If exports fail with authentication errors, ask the user to:
- Open the browser and log into the Google account
- Verify the account has access to the document
- Try the export again
Cleanup
Exported files are stored in /tmp/gdoc_exports/ by default. This directory can be cleaned up manually or automatically:
# Remove all exported files
rm -rf /tmp/gdoc_exports/
# Remove specific file after processing
rm /tmp/gdoc_exports/{DOC_ID}.docx
Troubleshooting
Download timeout
If downloads take longer than 30 seconds:
python3 scripts/export_gdoc.py <input> --timeout 60
File not found in Downloads
- Check that browser is set to download files to
~/Downloads - Verify no "Save As" dialog is blocking the download
- Ensure sufficient disk space
Authentication errors
- Log into Google account in the browser
- Verify document sharing permissions
- Try opening the document URL manually first
Dependencies
The reading functionality requires these tools:
-
pandoc: For reading DOCX and PPTX files
brew install pandoc # macOS -
pandas + openpyxl: For reading XLSX files
pip3 install pandas openpyxl
These dependencies are only needed for the reading step, not for export.
Resources
scripts/export_gdoc.py
Python script that handles the complete export workflow:
- Parses Google Drive URLs and
.gdocfiles - Extracts document IDs and determines document types
- Builds and opens export URLs
- Monitors Downloads folder
- Moves files to temp directory
Execute directly or import as a module for custom workflows.

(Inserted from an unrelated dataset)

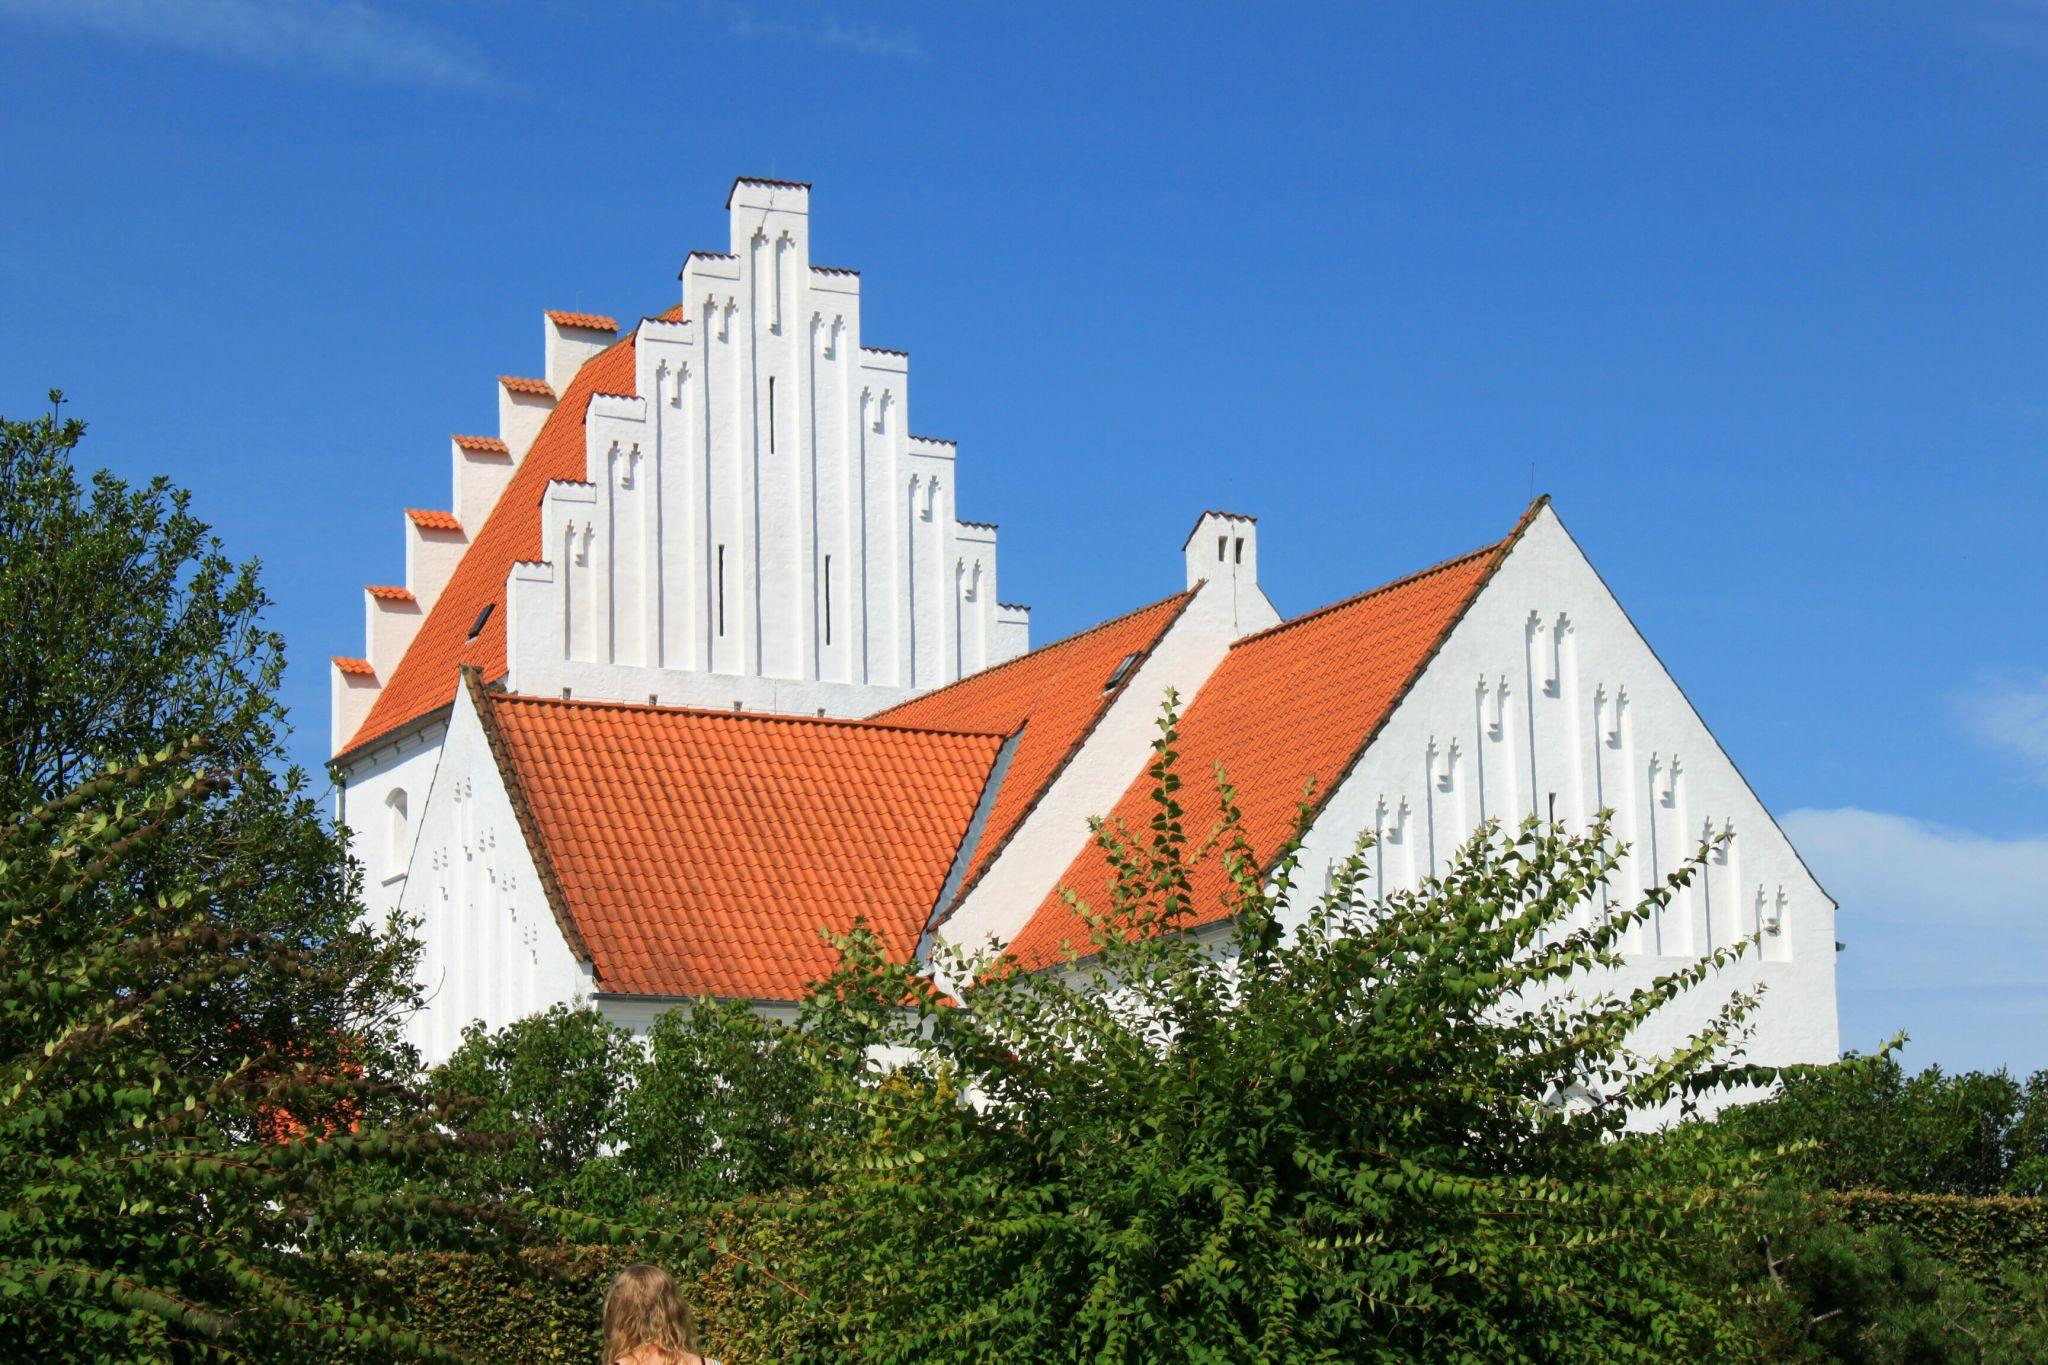 Rinkenaes Korskirke, Denmark

scripts/read_exported_doc.py
Python script that reads exported files using appropriate tools:
- DOCX files: Converts to markdown using pandoc
- XLSX files: Analyzes with pandas (shows preview, statistics, sheet info)

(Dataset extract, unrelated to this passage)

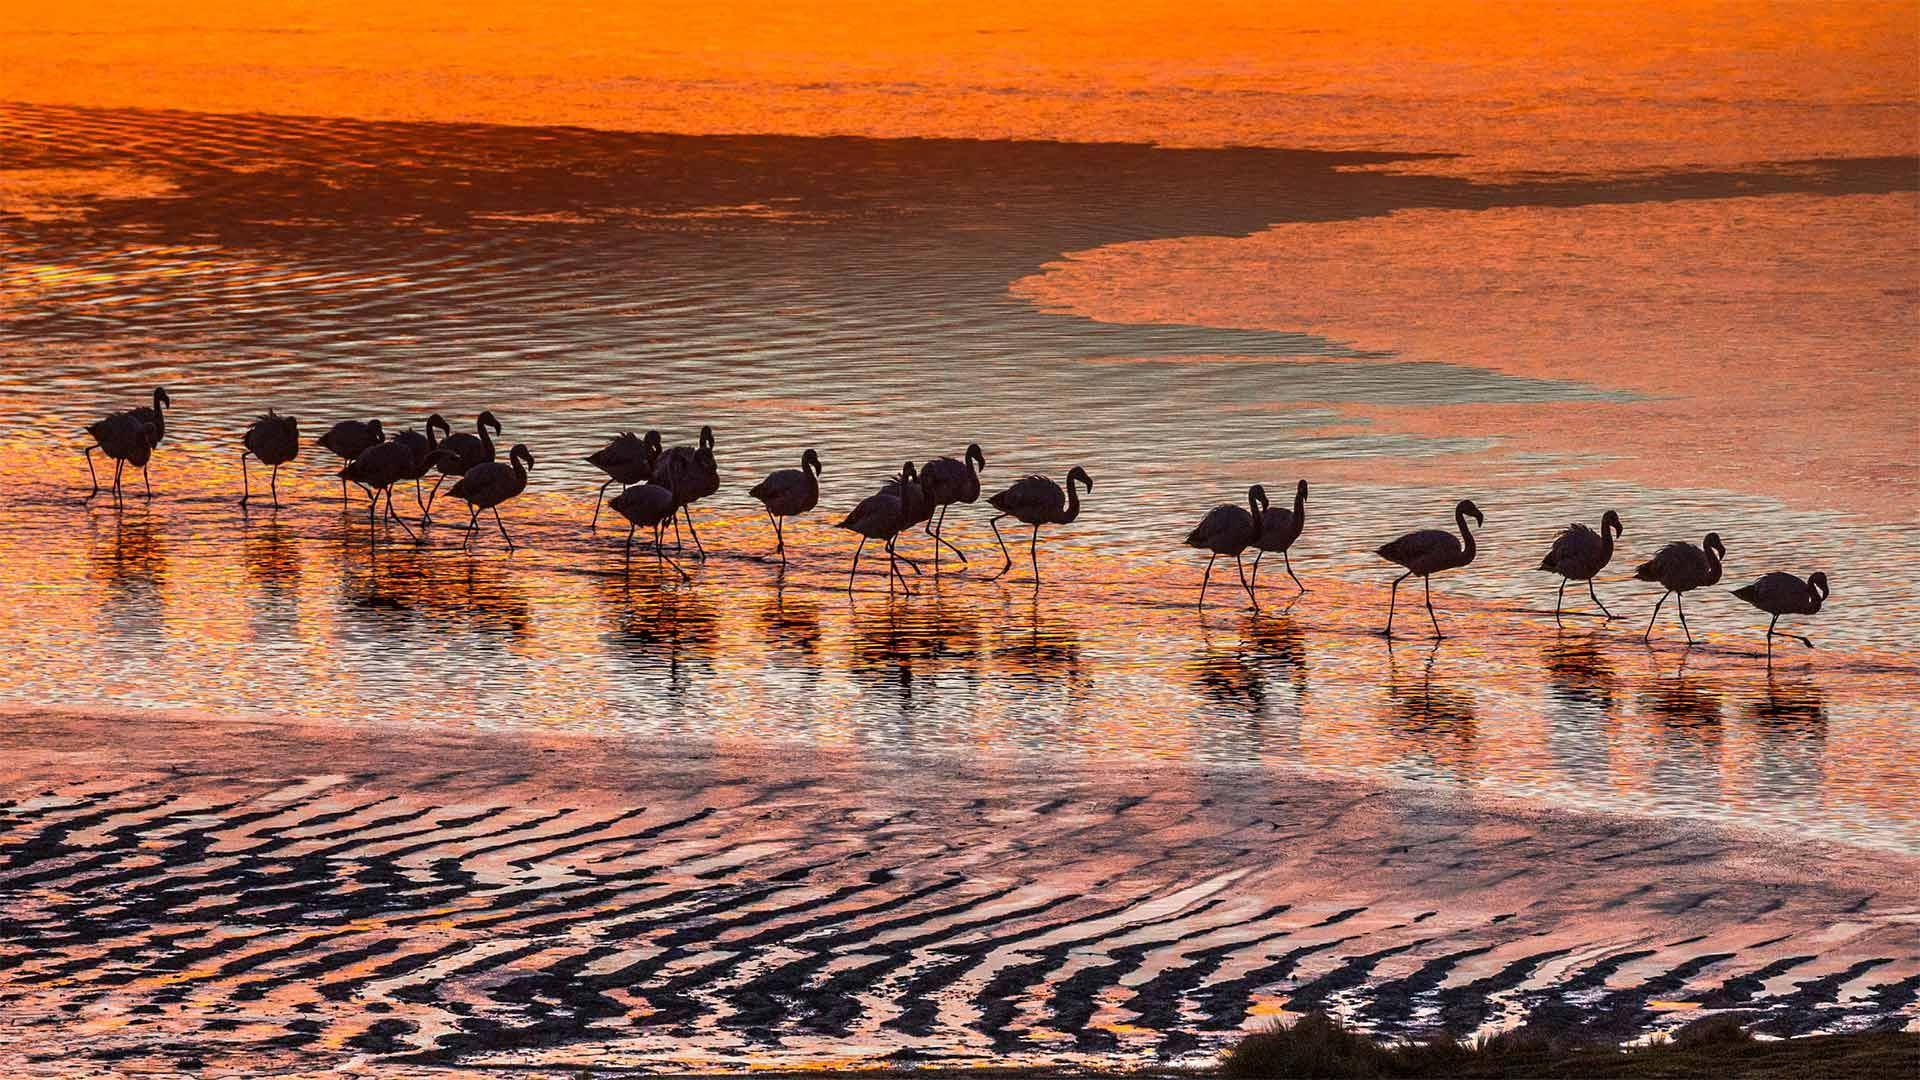 爱德阿都·阿瓦罗·安第斯国家保护区内的火烈鸟火烈鸟

- PPTX files: Extracts text using pandoc
Supports multiple output formats:
- DOCX:
markdown(default),plain,json - XLSX:
summary(default),csv,json - PPTX:
markdown(default),plain,json
Usage:
python3 scripts/read_exported_doc.py <file> [--format <format>] [--output <file>]

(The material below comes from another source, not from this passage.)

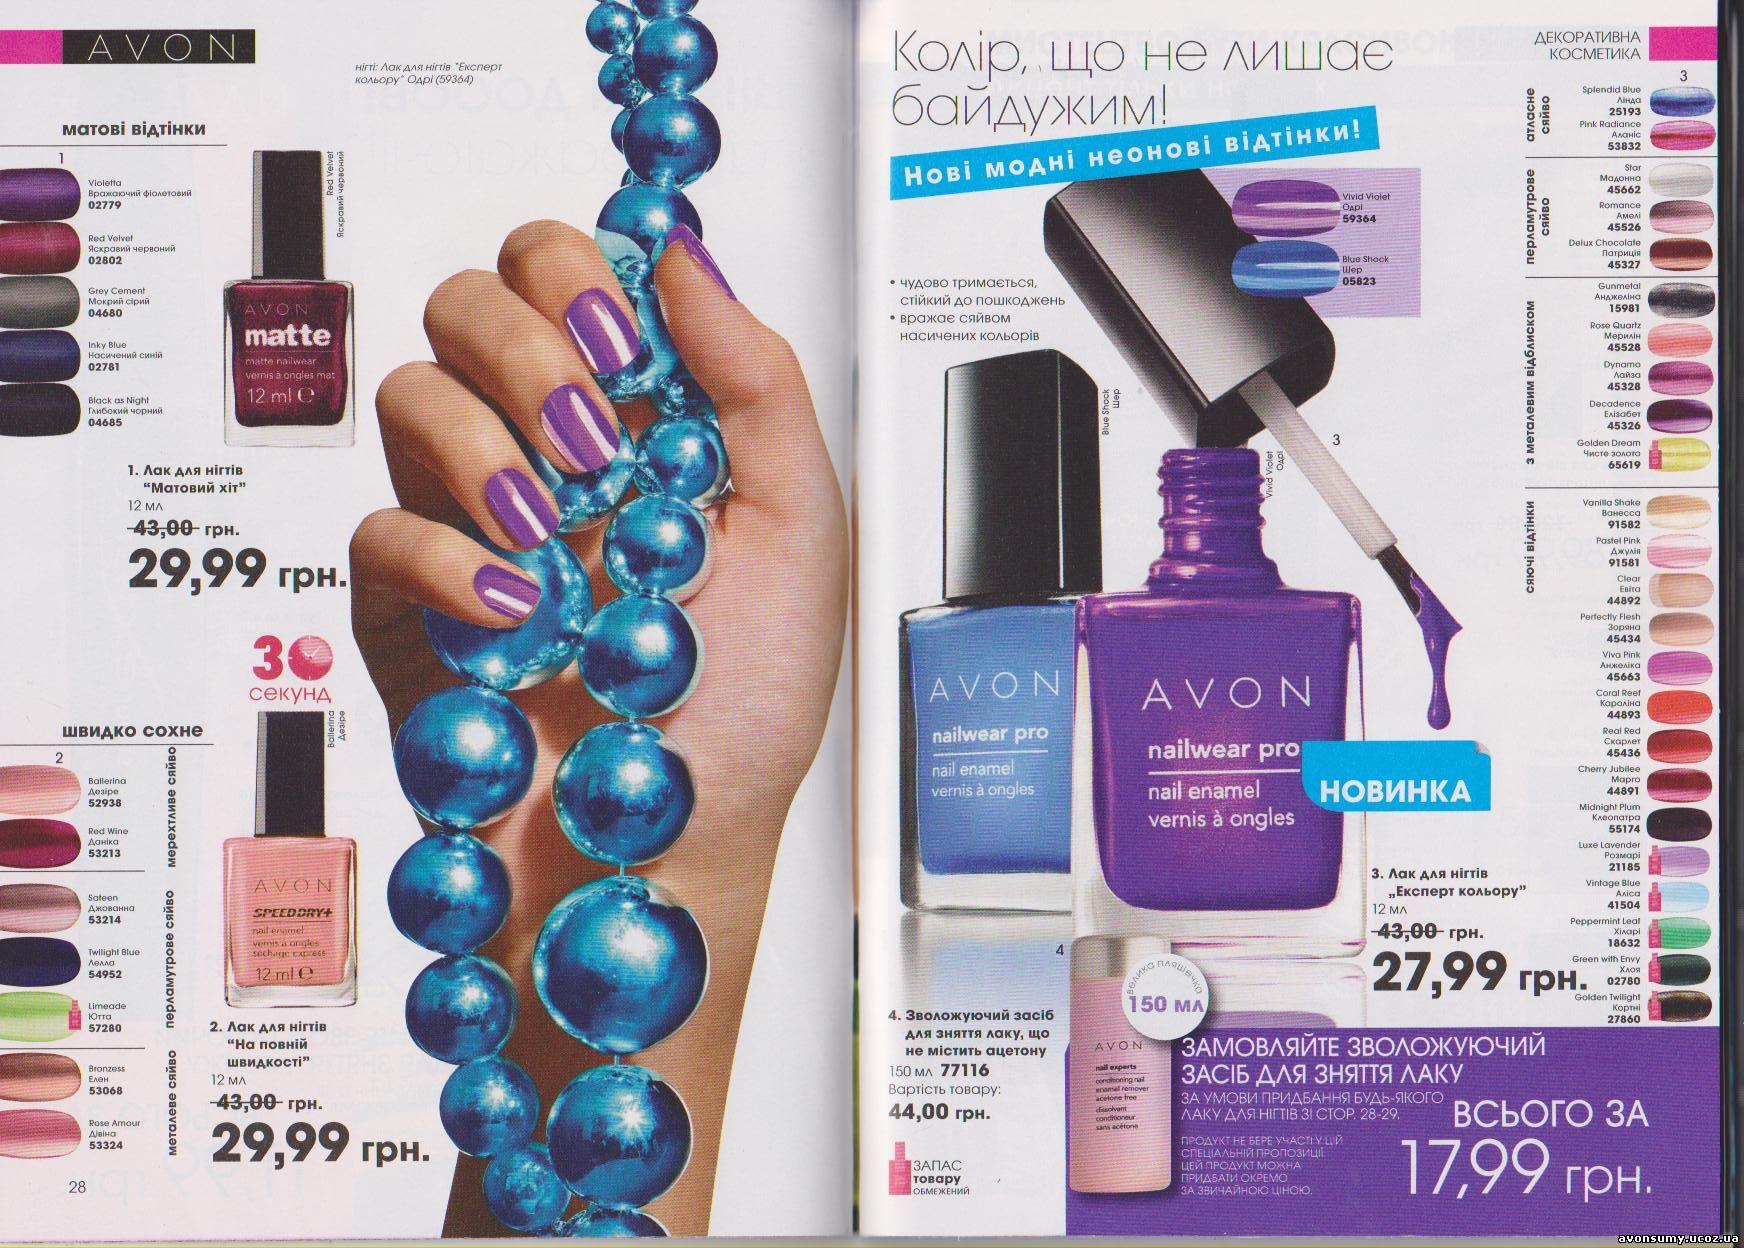 На этих страницах каталога Avon 06 2011 представлены следующие

references/export_formats.md
Detailed reference on:
- Available export formats for each Google Workspace type
- URL patterns and format parameters
- Quality trade-offs between formats
- Document ID extraction methods
- Authentication requirements
Load this file when users ask about format options or need deeper understanding of export mechanisms.